My friend said, "Just think about how many hungry children you could feed with that money."
Let me pause here to note that I didn't introduce the social justice turn into the conversation. But once she steered it that way I could not resist.
I had mosquito nets on the brain, since we spent last week raising money to buy them during our Vacation Bible School. I said, "A mosquito net that protects a child from malaria costs just $4. How many children could we save with our monthly beer budget?"
There was resistance. I knew there would be. I don't want to give up my wine either. My friend said, "Yeah, but a Lexus costs, what, $40,000? That's a lot more than my beer budget!"
I gently pointed out that people drive their cars for many years. How much do we spend on alcohol every year?
My friends conceded my point. I offered to take alcohol money and transform it into mosquito netting if anyone wanted--money laundering of a different sort! The talk moved on to other subjects.
I'm not going into details here--my mom might read this blog!--but suffice it to say, if we donated just half of our alcohol budgets to buy mosquito nets, we'd save a great many children. And we'd be healthier in all sorts of ways.
We could also think about our charitable giving in terms of our retirement plans. In Colossians Remixed: Subverting the Empire (a theological book I highly recommend), Brian J. Walsh and Sylvia C. Keesmaat have this interesting approach to charitable giving: "One guidepost we work with is that if we ever find in a given year that we have invested more in our won future by way of retirement savings than we have given away for someone else's present need, there is something terribly wrong. We tend to think the ratio should be at least two to one: for every dollar we invest in retirement savings, two dollars should be given away to an agency that will serve the poor" (page 189).

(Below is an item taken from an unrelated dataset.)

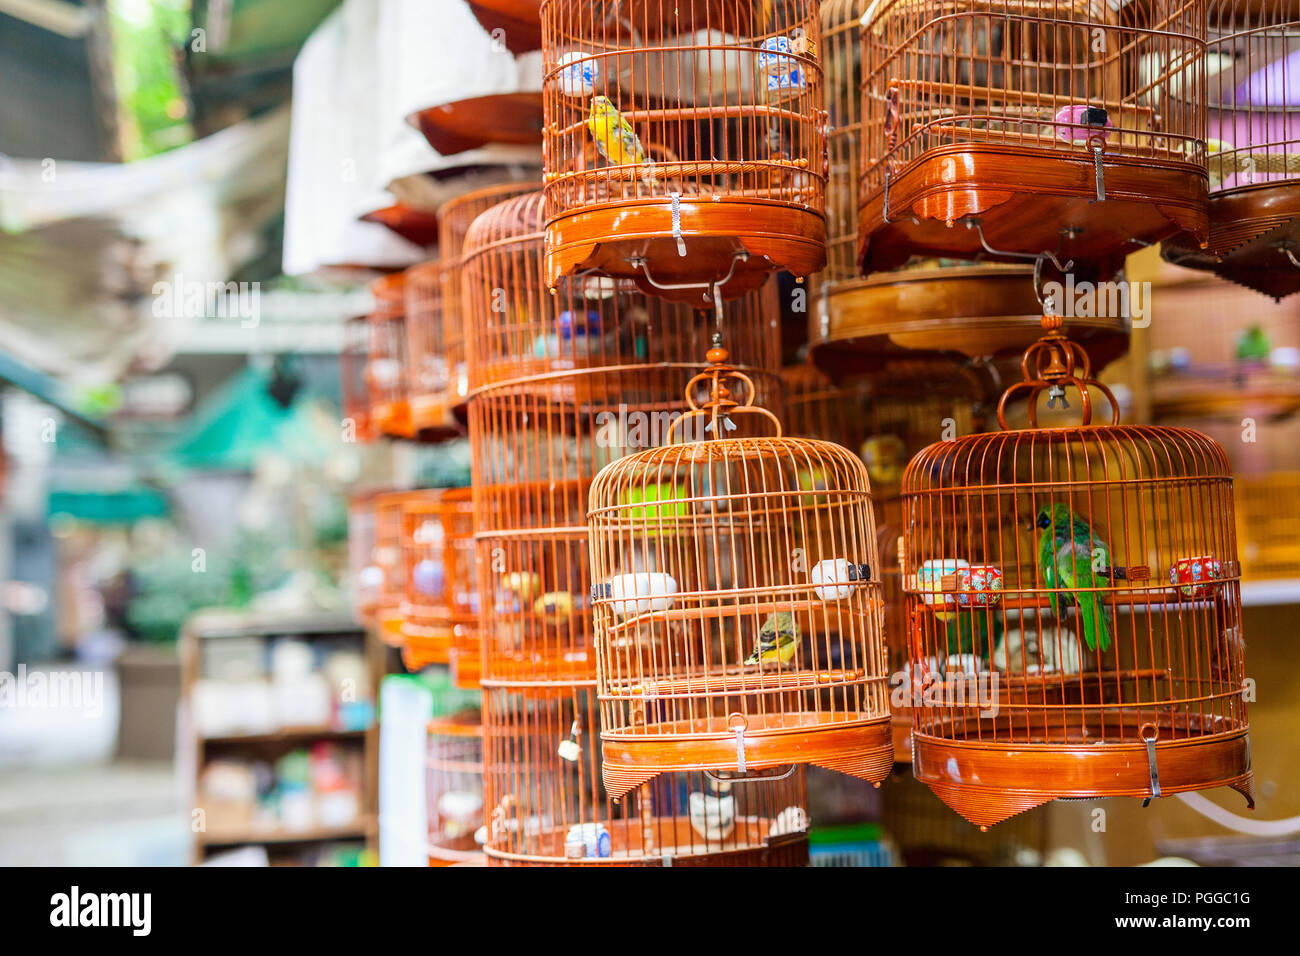 Las aves en jaulas para su venta en el mercado de aves, Kowloon, Hong Kong, popular destino turístico. Foto de stock

They have solid theological reasons for their giving, but even my atheist friends feel a strong yearning to bring some justice into this lopsided world. Most of us have plenty of money that we could be giving away to help bring some balance. And it's so sobering to realize how far a small amount of money can go, especially in non-industrialized parts of the world.
Once upon a time, I set up all my charitable giving to happen automatically, and then I didn't have to give it much thought unless special fund drives came up. But earlier this year, my credit card was stolen, and I'm still trying to get my spending back in balance. I'm spending too much on discretionary items, like beer and books, and not enough on social justice.
Today is the birthday of the Dalai Lama, a good day to recalibrate my spending towards justice. Our family budgets say so much about us. I want my family budget to say something different: fewer items that will be consumed and then forgotten, more mosquito nets!